Saninten 16

Afina Iskandar
Chapter #23

23

➤ 23

Ini pertama kalinya Rui keluar dari Rumah Saninten 16 sejak menetap di sana. Ia hendak membeli beberapa kebutuhan di supermarket sekaligus menghirup udara di luar rumah. Anehnya, ia sama sekali tidak merasa jenuh tinggal di Rumah Saninten 16. Justru sebaliknya. Rui memperoleh banyak inspirasi untuk tulisannya. Selama Atelire masih ada, Rui rasa ia akan terus menulis sampai mati. 

Rui memasuki swalayan dan memutari area sayuran. Saat itulah ia mulai merasa ada yang mengawasinya. Entah siapa, tapi sosok itu seperti lebih tinggi darinya. Rui mencoba mengubah arah jalannya untuk memastikan apakah dirinya benar-benar diikuti. Ia memperlambat langkah, lantas berbelok ke lorong lain. Perasaan itu tidak hilang. Ia menoleh cepat ke belakang, tidak ada siapa pun. Hanya beberapa pelanggan yang sibuk memilih barang belanjaan. Mungkin hanya perasaannya saja. Namun untuk pertama kalinya, Rui merasa tidak benar-benar aman berada di antara manusia lainnya.

Seusai belanja, Rui memutuskan untuk menghabiskan beberapa waktu di café untuk sekedar menikmati secangkir kopi dan menulis beberapa paragraf naskahnya. Café Noir di ujung jalan yang menyajikan suasana tenang dan nyaman menjadi pilihan terbaiknya. Begitu membuka pintu, aroma kopi yang baru digiling langsung menyambutnya. Matanya menyapu seluruh ruangan. Meja dekat jendela masih kosong. Terang, tenang, sempurna. Rui memesan segelas magic dan sepotong financier, lalu menuju meja pilihannya. Baru saja ia mengeluarkan laptop dari dalam tas, seseorang menarik kursi di hadapannya.

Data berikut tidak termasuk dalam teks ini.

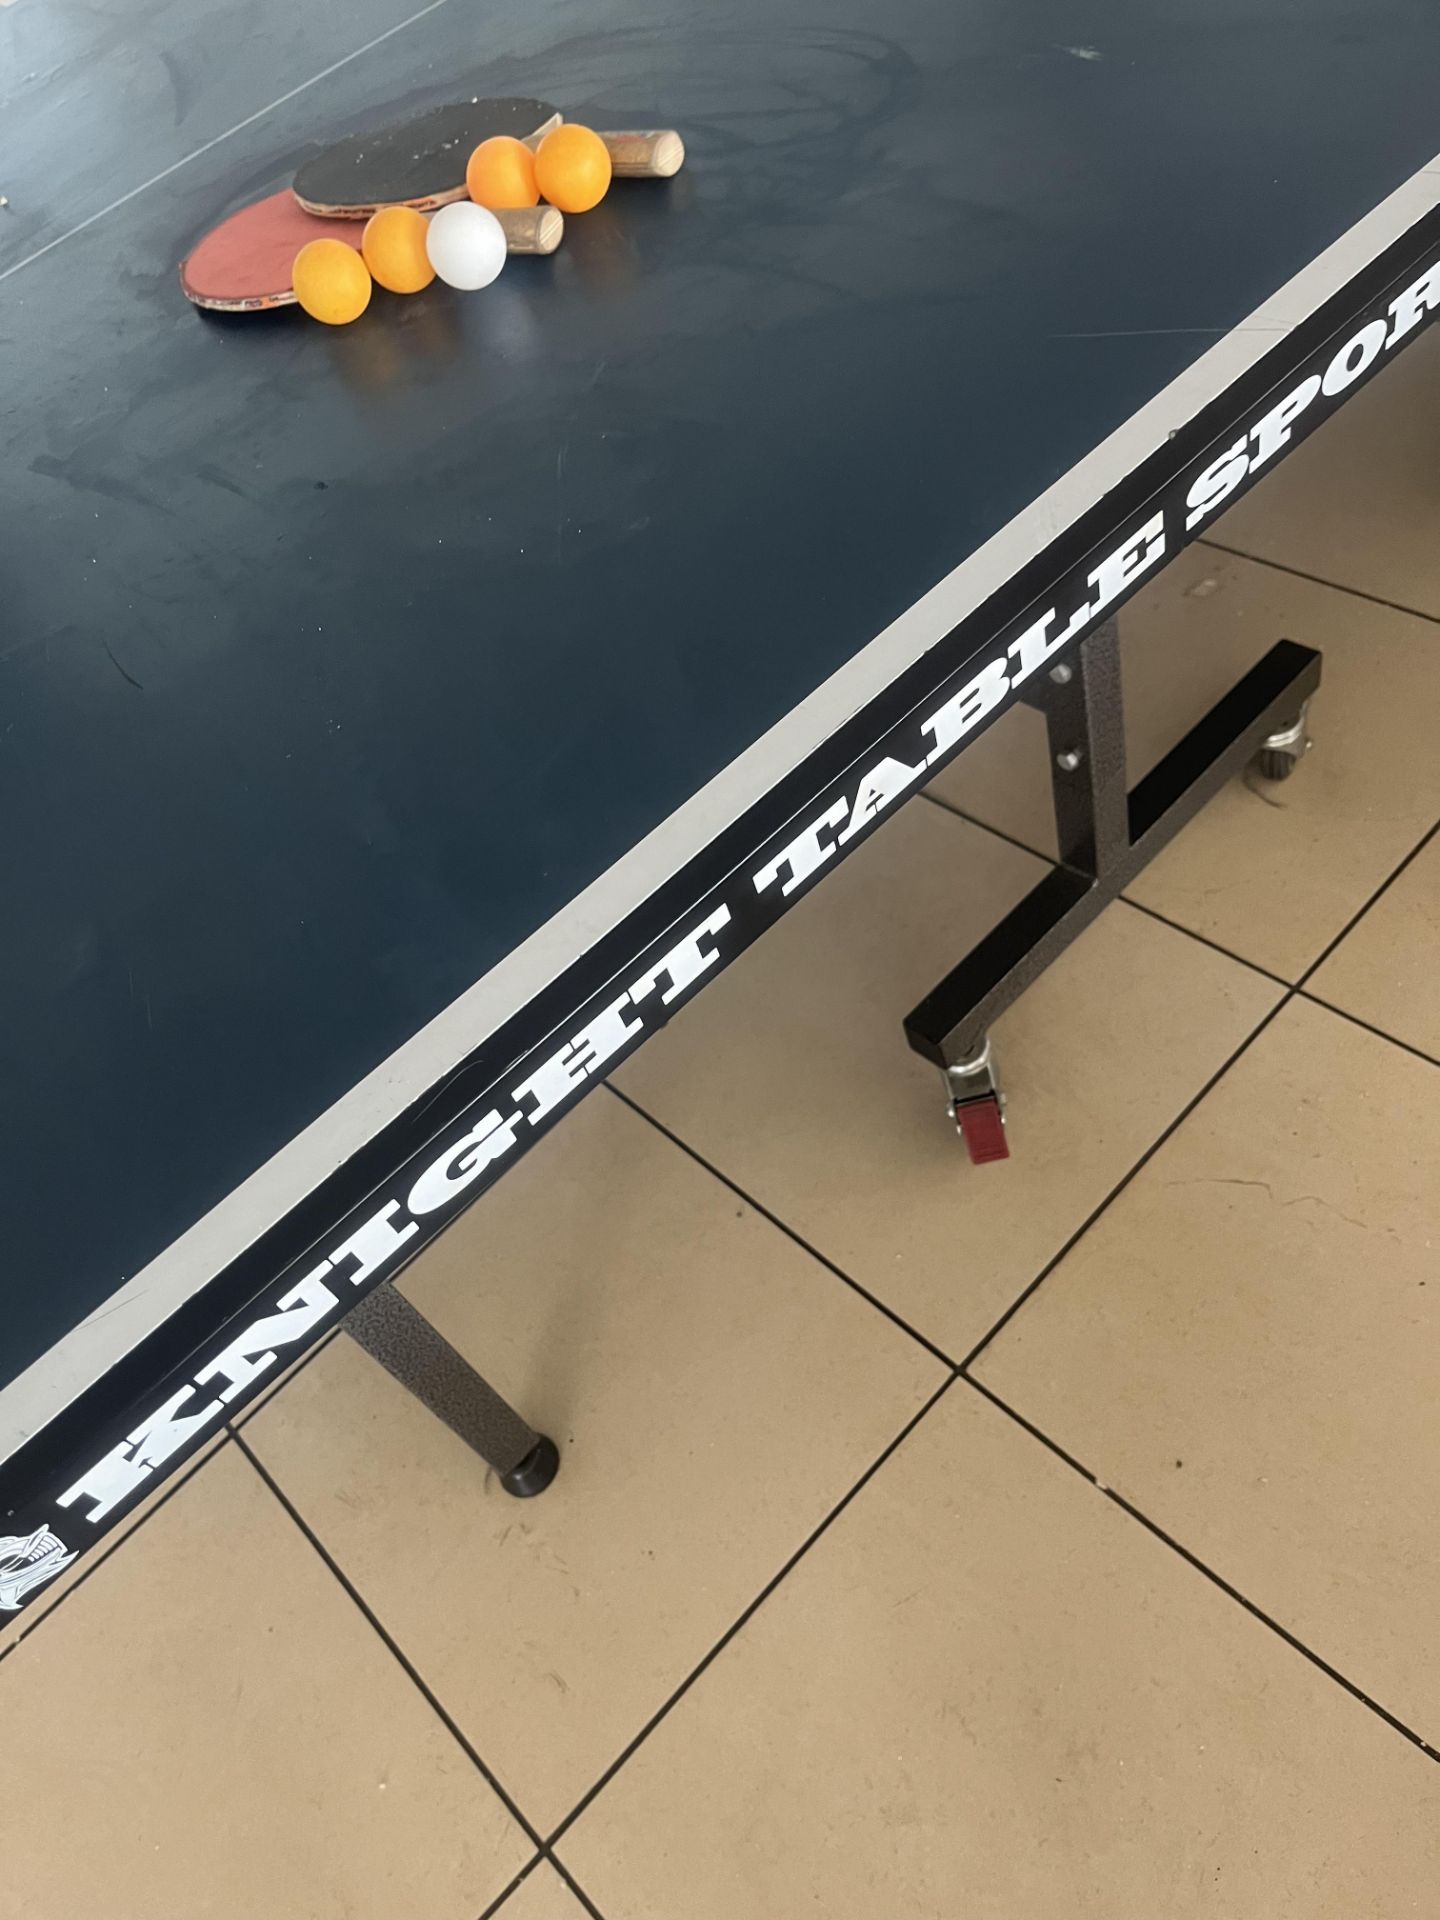 Nissan fold away table tennis table complete with two bats and four balls - Image 2 of 8

Kai Praja. Penghuni kamar nomor 2 di Rumah Saninten 16.

Rui begitu terkejut dengan kehadiran pria tersebut. “Sedang apa kau di sini??”

“Minum kopi.”

Rui melirik ke setiap sudut kedai, “Masih banyak meja kosong, selain di mejaku.”

“Aku tahu.”

“Apa aku memperbolehkanmu duduk di sini?”

“Apa kamu memperbolehkanku duduk di sini?”

“Kalau aku bilang tidak, kamu akan pergi?”